Some factions in Asante wanted to mobilize the army, but Prempe refused, saying, “I am not prepared to fight the British troops in spite I am to be captured by them [
sic
]; … I would rather surrender to secure the lives and tranquillity of my people and countrymen.”
27
But disturbing the tranquillity of the Asante people was exactly what the British had in mind.
When a delegation of Asante diplomats hurried to the coast with promises of payment of all verified debts, Governor Maxwell curtly rebuked them, saying that their promises were empty words and that words alone could not send away the thousands of British soldiers who had been brought to the Gold Coast.
Words of peace were not wanted.
A British army would march to Kumase.

Command of what was called the Ashantee Expeditionary Force was given to Colonel Sir Francis Scott, who in 1874 had been a young officer in the 42nd Highlanders during Wolseley’s march to Kumase.
Scott’s contempt for Africans was extreme even for his time, and he was as confident of victory as he was eager to fight.
He had served in the Gold Coast for some time and in 1893 had led an expeditionary force of four hundred Hausas equipped with a Maxim gun to the north of the Gold Coast to prevent Asante expansion.
He was well aware that the Asante could not hope to mobilize more than a few thousand men to oppose him, but several hundred of those men would be armed with Sniders, and a few would have modern French rifles.
Properly led, troops with these weapons could be dangerous.

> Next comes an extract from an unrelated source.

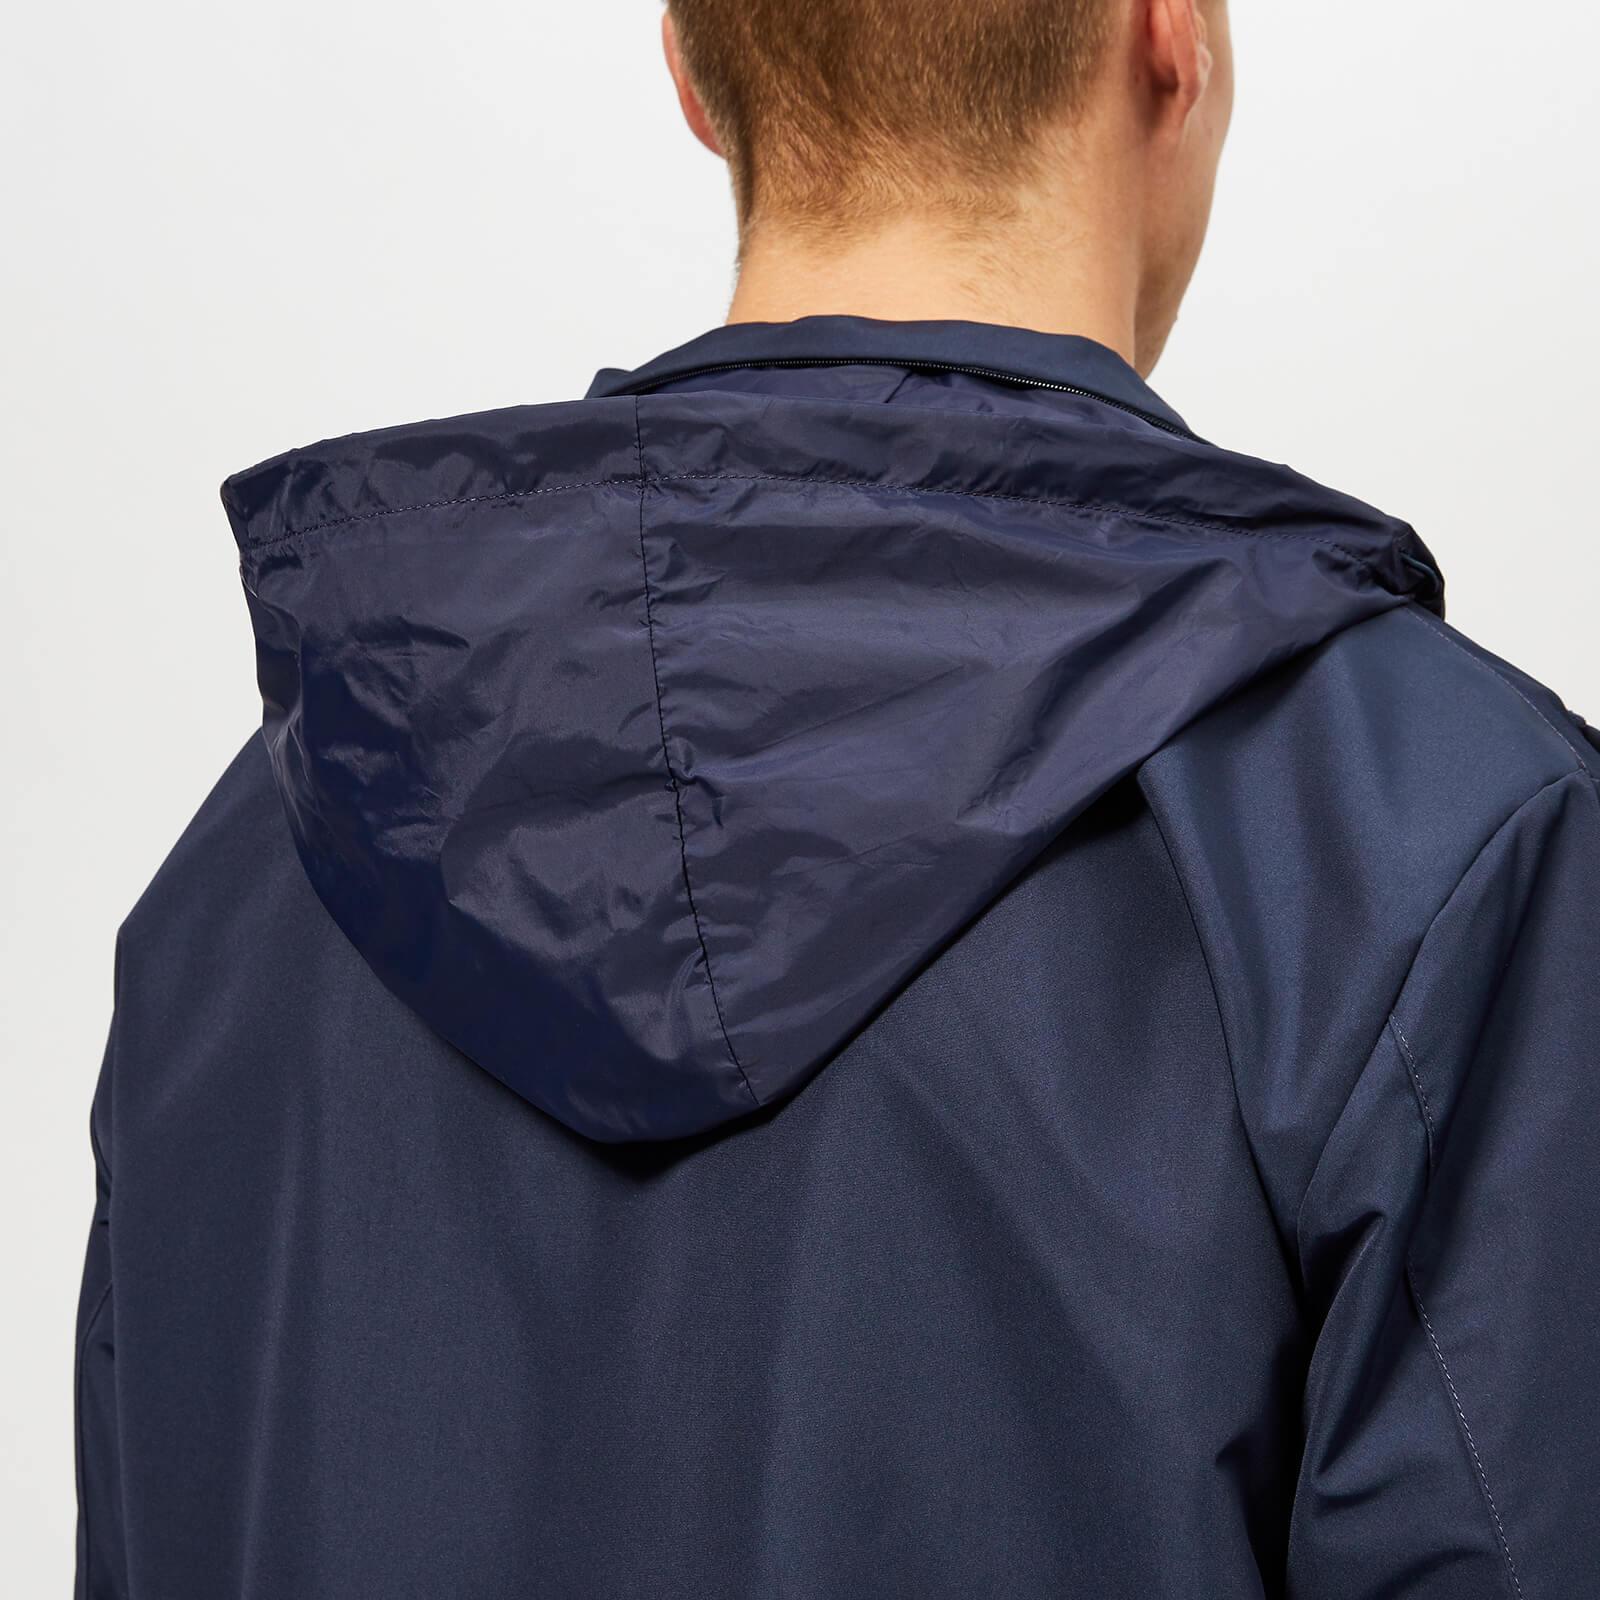 45a5944aca0 Lacoste - Blue Classic Blouson Jacket for Men - Lyst. View fullscreen

If the Asante chose to fight, they would face a somewhat smaller but much better-armed force than Wolseley had commanded.
The West India Regiment of 380 African troops commanded by 20 British officers and 1,000 Hausas led by 30 British officers, as well as perhaps 500 native levies, were joined by the West Yorkshire Regiment of 400 men and 20 officers, as well as a special-service corps of 12 volunteer officers and 254 picked men chosen from some of the most prestigious regiments in the British army, including the Coldstream Guards, Scots Guards, and Grenadier Guards.
What is more, Wolseley’s radical idea of highly qualified volunteers finally had its day Each man had to be at least twenty-four years old, have four years of service, be a good rifle shot, and pass a stiff medical examination.
28
Nevertheless, one of these men died of “heat apoplexy” on his first day in the Gold Coast.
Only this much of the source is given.